Figure 3C shows the performance of different machine learning models in predicting extubation using the area under the curve.

Figure 4 shows the importance of each major clinical area for critical care.

Figure 5 uses SHAP values to illustrate the correlation of key features in the extubation prediction model.

Figure 6A is a partial dependency diagram of the effect of GCS on the prediction of extubation probability by XGBoost.

Figure 6B is a partial dependency diagram of the impact of RASS on XGBoost prediction of extubation probability.

Figure 6C is a partial dependency diagram showing the effect of urine volume on the probability of extubation predicted by XGBoost.

Figure 6D is a partial dependency diagram showing the effect of injection volume on the extubation probability predicted by XGBoost.

Figure 6E is a partial dependency diagram of the effect of PIP on the prediction of extubation probability by XGBoost.

Figure 6F is a partial dependency graph showing the impact of MAP on XGBoost prediction of extubation probability.

Figure 7A shows the results of Case 1, which shows the overall impact of key features on the extubation prediction of two different individuals through the LIME and SHAP force values of key features.

Figure 7B shows the results of Case 2, which shows the overall impact of key features on the extubation prediction of two different individuals through the LIME and SHAP force values of key features.

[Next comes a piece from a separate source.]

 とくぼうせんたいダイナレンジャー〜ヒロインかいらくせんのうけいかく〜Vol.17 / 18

The present invention discloses a system and method for establishing extubation prediction using a machine learning model, which can obtain an extubation prediction model and the key features used by the model through training and/or verification of a machine learning model, and can obtain the possibility of extubation of the patient and related explanations through real-time analysis of the key feature data of a patient by the extubation prediction model. Accordingly, the system and method for establishing extubation prediction using a machine learning model disclosed in the present invention are used as a tool for clinical caregivers to evaluate extubation, so as to reduce the possibility of being unable to breathe autonomously or requiring reintubation after extubation.

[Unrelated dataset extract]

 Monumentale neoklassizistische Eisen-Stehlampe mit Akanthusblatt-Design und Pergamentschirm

It must be emphasized that the system and method for establishing extubation prediction using a machine learning model disclosed in the present invention incorporates patient consciousness data and input/output fluid data to achieve the extubation prediction results obtained to be closer to the results of the doctor's clinical judgment, which means that the system and method for establishing extubation prediction using a machine learning model disclosed in the present invention can achieve a more accurate extubation prediction rate.

The following will explain the terms used in this invention. If they are not listed in the following description, they will be explained based on reference materials recognized by people with ordinary knowledge in the technical field to which this invention belongs, such as dictionaries, literature or common knowledge.

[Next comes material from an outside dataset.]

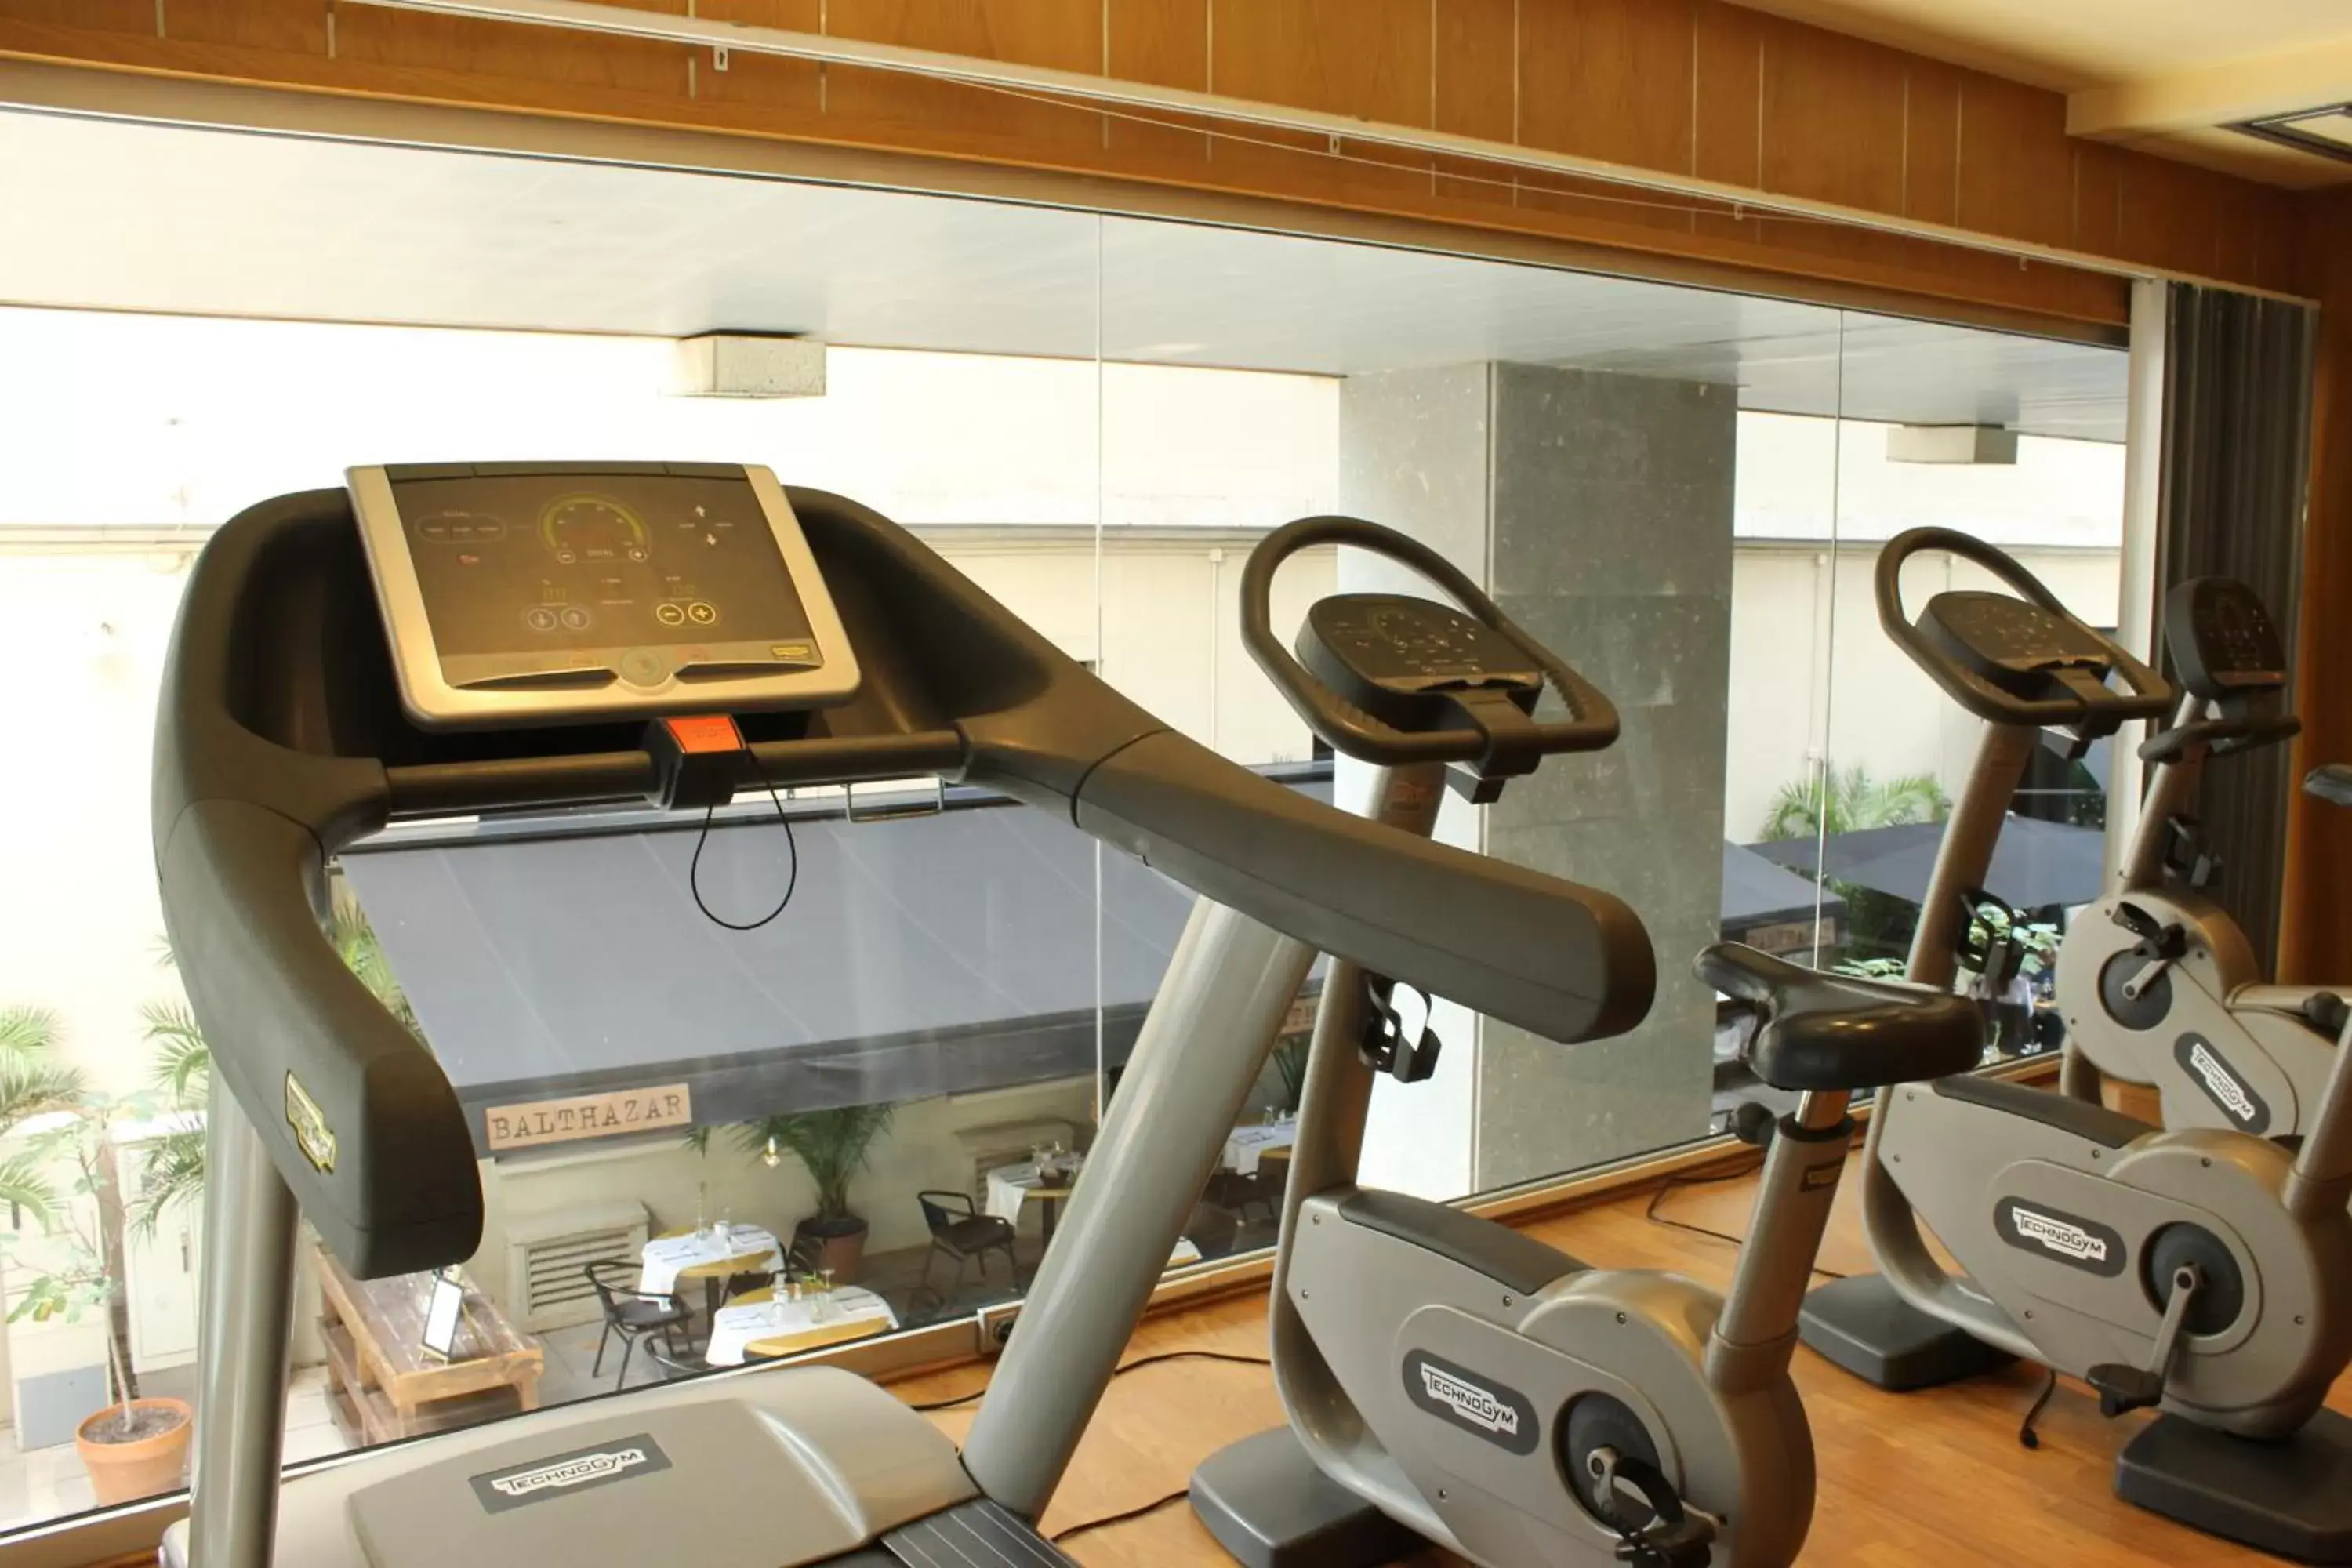 Fitness centre/facilities, Fitness Center/Facilities in Evenia Rossello

The term "dynamic parameters" refers to the data or results obtained from regular or irregular tests of patients during hospitalization.

The term "consciousness/cognitive block" refers to the data obtained based on the system, scale or method of assessing the patient's consciousness state, such as the Glasgow Coma Scale (GCS), the Richmond Agitation Sedation Scale (RASS), etc.

The term "fluid balance block" refers to data related to the fluids entering or excreted by the patient, such as urine volume, injection volume, infusion volume, and total nutrition.

The term "respiratory function block" refers to data related to the patient's respiratory function or cardiopulmonary function, such as peak airway pressure (PIP), mean airway pressure (MAP), number of days on ventilator, and respiratory rate.

The term "physiological parameter block" refers to the patient's physiological data, such as weight, body mass index, height, etc.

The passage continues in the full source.